Task directions: No pictures belong in the answer. Repeat all the entries exactly.

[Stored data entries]

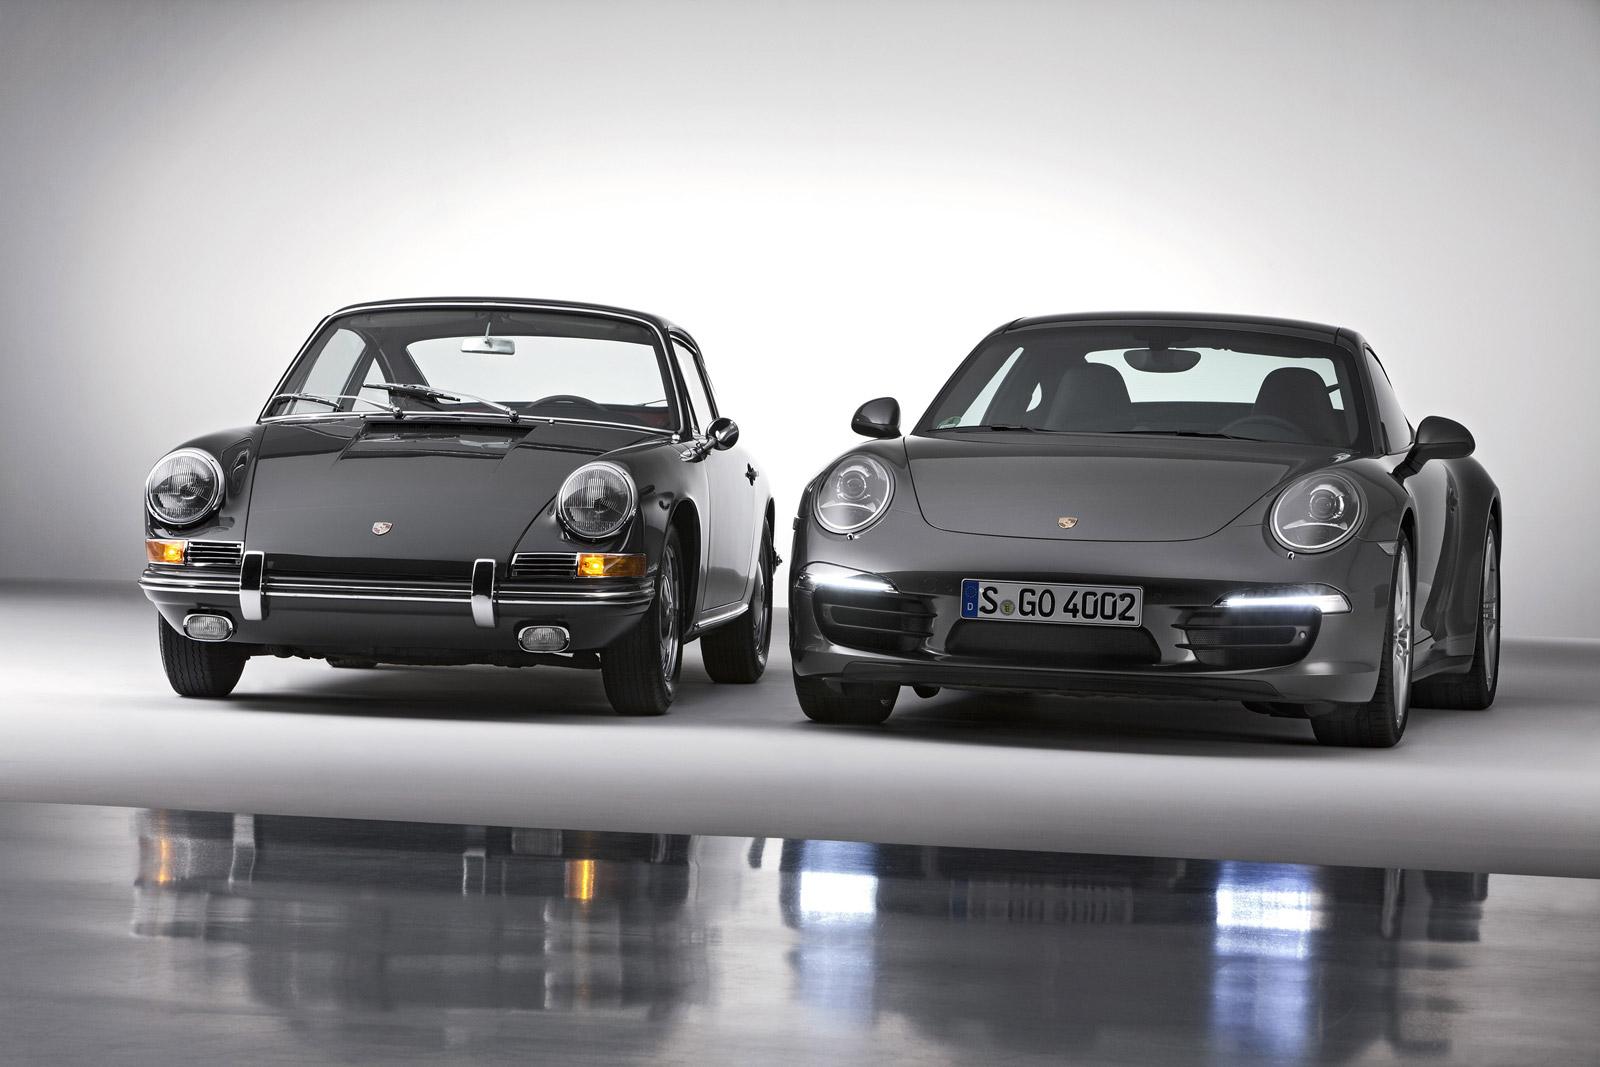 Porsche Announces 50th Anniversary Celebrations For The 911
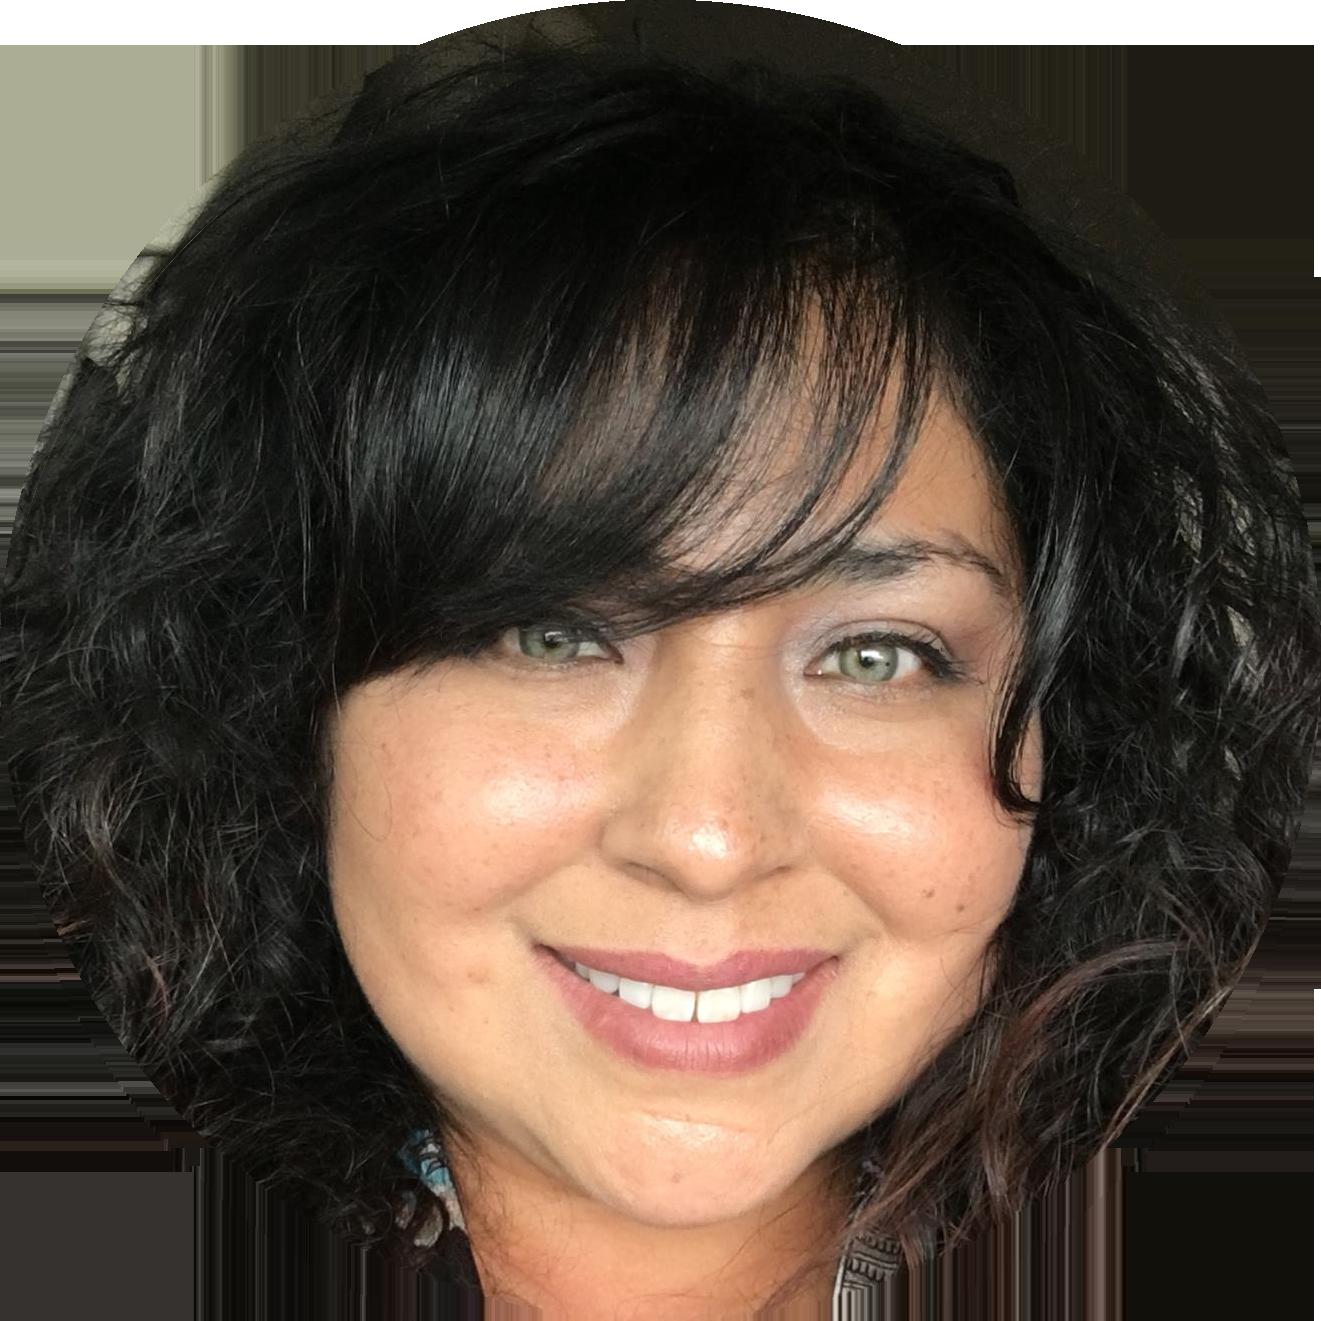 Melissa Rose Bustos
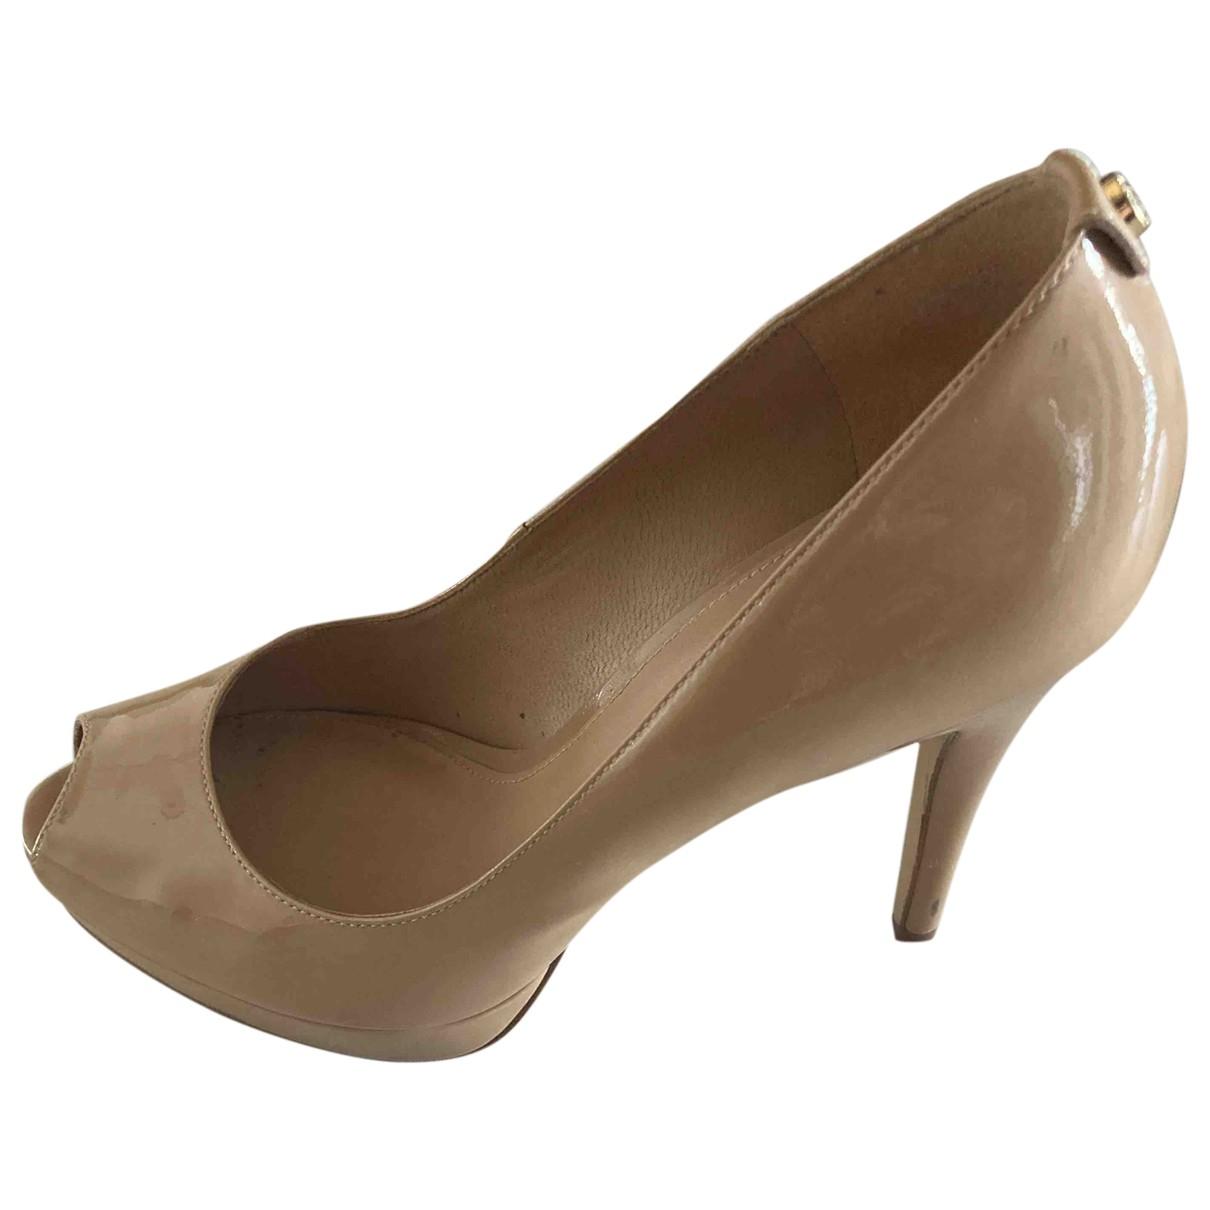 Michael Kors \N Beige Patent leather Heels for Women 8.5 US
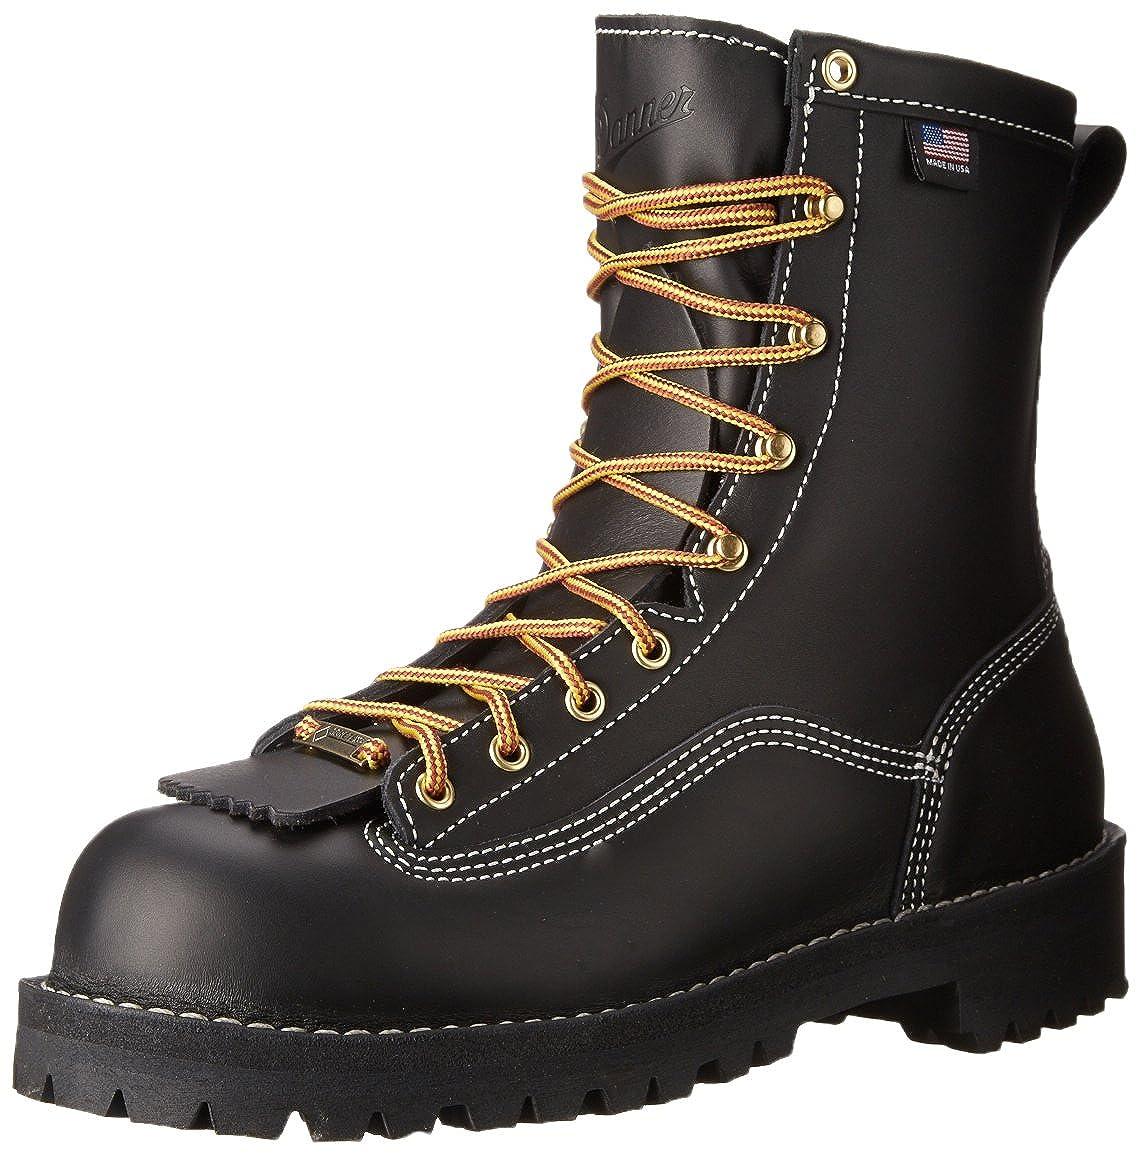 55b17c162d5 Danner Men's Super Rain Forest 8 Inch Work Boot, Black, 7.5 D US ...
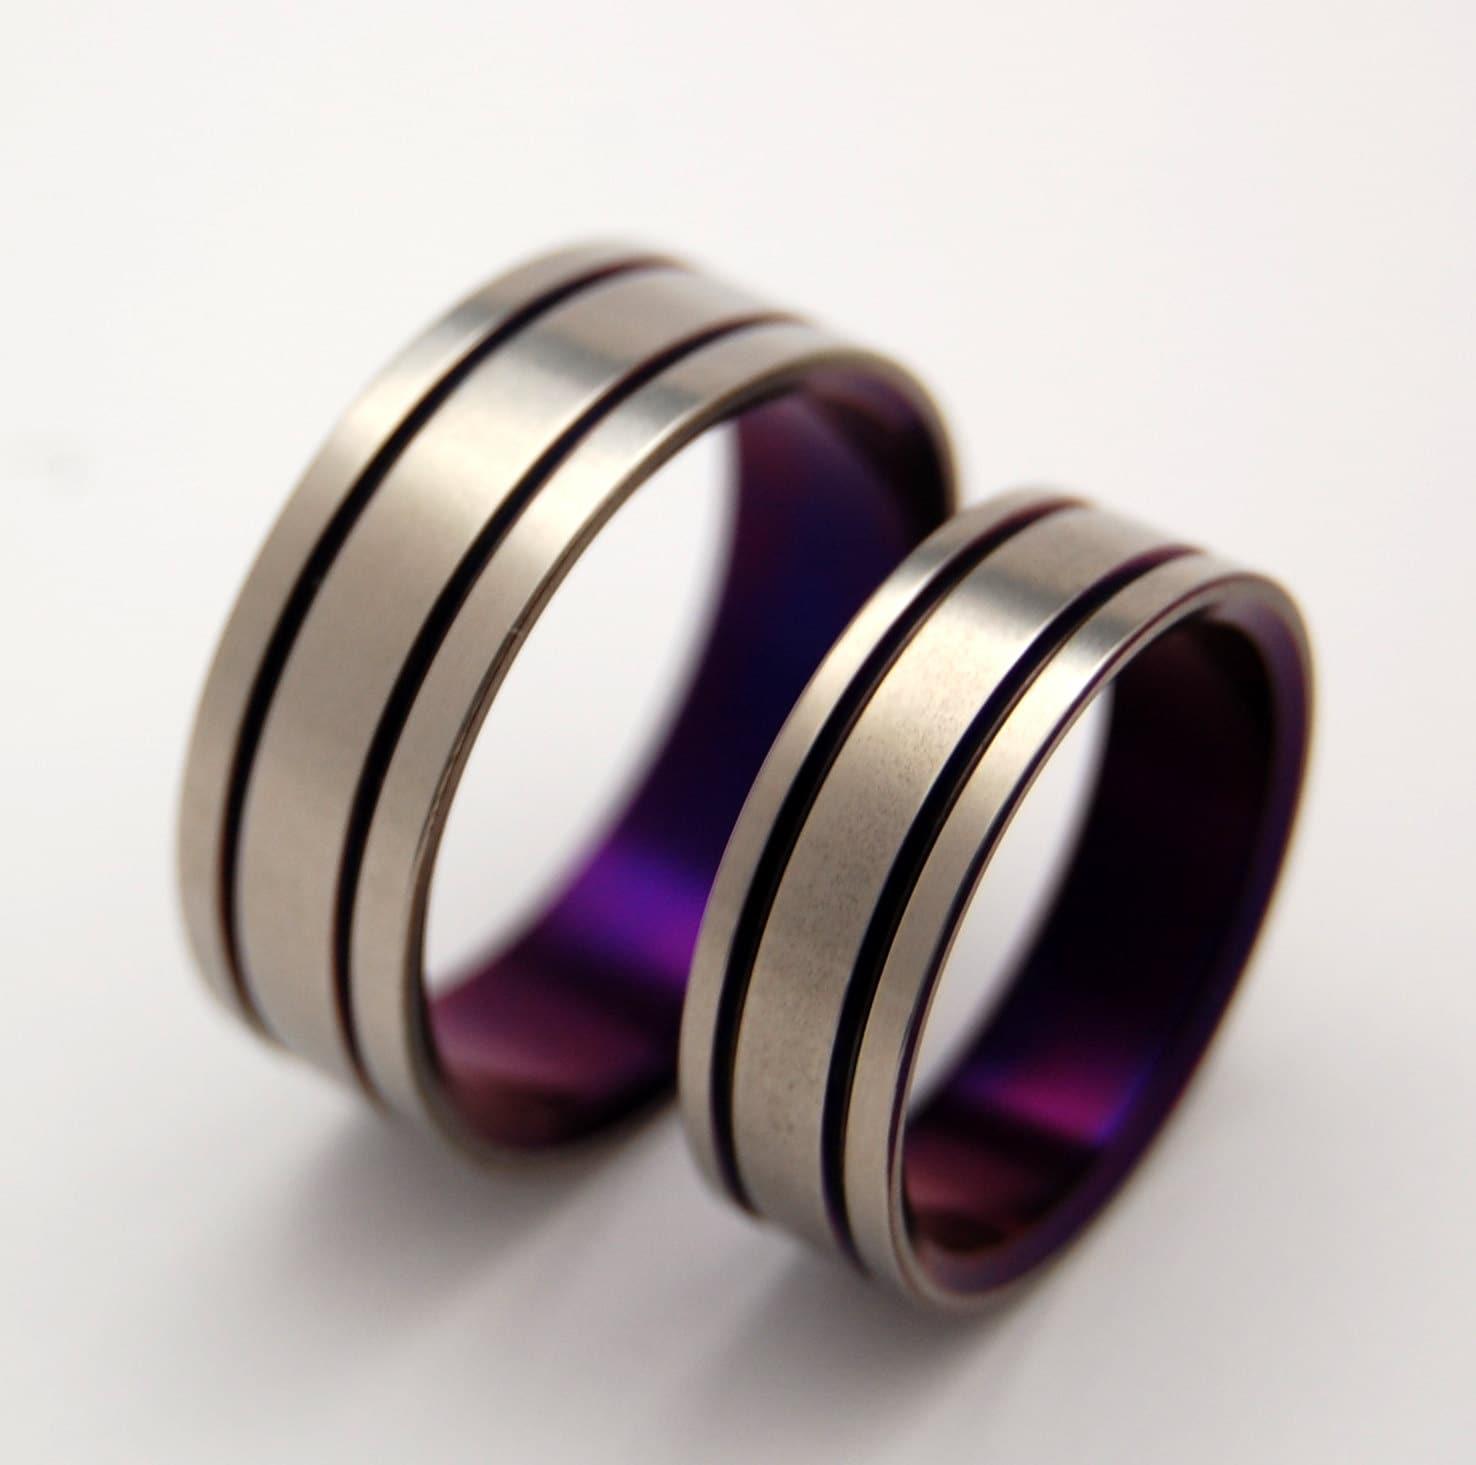 mens titanium ring mens wedding rings titanium Titanium Wedding Band Set purple wedding ring mens ring womens ring handmade ring custom made ring matching wedding set ALMA MATER

Response area:
 Porsche Announces 50th Anniversary Celebrations For The 911
 Melissa Rose Bustos
 Michael Kors \N Beige Patent leather Heels for Women 8.5 US
 55b17c162d5 Danner Men's Super Rain Forest 8 Inch Work Boot, Black, 7.5 D US ...
 mens titanium ring mens wedding rings titanium Titanium Wedding Band Set purple wedding ring mens ring womens ring handmade ring custom made ring matching wedding set ALMA MATER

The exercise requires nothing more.